Mathematics for Data Science 2 (2020)

Note that this is the OLD course (S2-2020). The current course is in UQ's Blackboard System

Welcome to MATH7502. This course is part of the Masters of Data Science Program at The University of Queensland. The course is coordinated and lectured by Yoni Nazarathy (y.nazarathy@uq.edu.au). The tutors are Samuel Hambleton (samuelahambleton@gmail.com) and Wala Draidi (wala.draidi@hotmail.com).

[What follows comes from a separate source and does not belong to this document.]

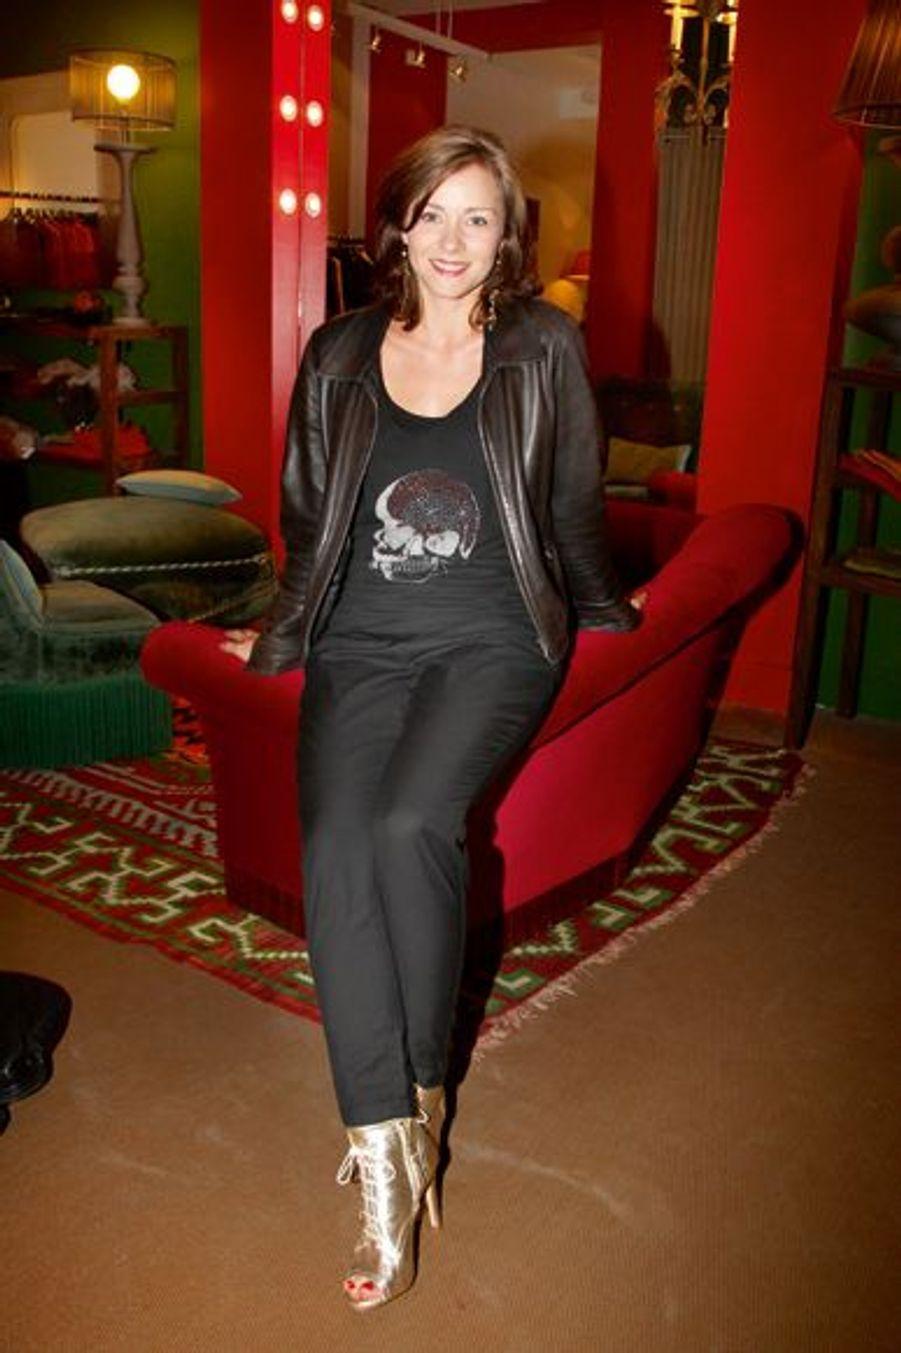 Delphine Depardieu

Outside of the Zoom lectures and practicals, communication dealing with course content matters should be via Piazza or via the Zoom consultation hours. Formal messages and grades are broadcasted via blackboard.

You may want to look at last year's course. A good part of the material is similar but the structure is different. You may also want to refer to the official course profile for grading information.

This course has a heavy focus on some of the mathematics used in data science applications. It is a linear algebra course that also incorporates some multi-variable calculus. The foundations of linear algebra are studied and explored with the help of numerical examples from the Julia programming language. The assignments and final project also celebrate these 12 data science use cases:
  1. Clustering
  2. Convergence proof for the perceptron
  3. Least squares data fitting
  4. Least squares classification
  5. Multi-objective least squares and regularization
  6. Multiple ways for evaluating least squares
  7. Linear dynamical systems and systems of differential equations
  8. Covariance matrices and joint probabilities
  9. Multi-variate Gaussian distributions and weighted least squares
  10. Cholesky decomposition for multi-variate random variable simulation
  11. Analysis of gradient descent and extensions
  12. Principal component analysis (PCA)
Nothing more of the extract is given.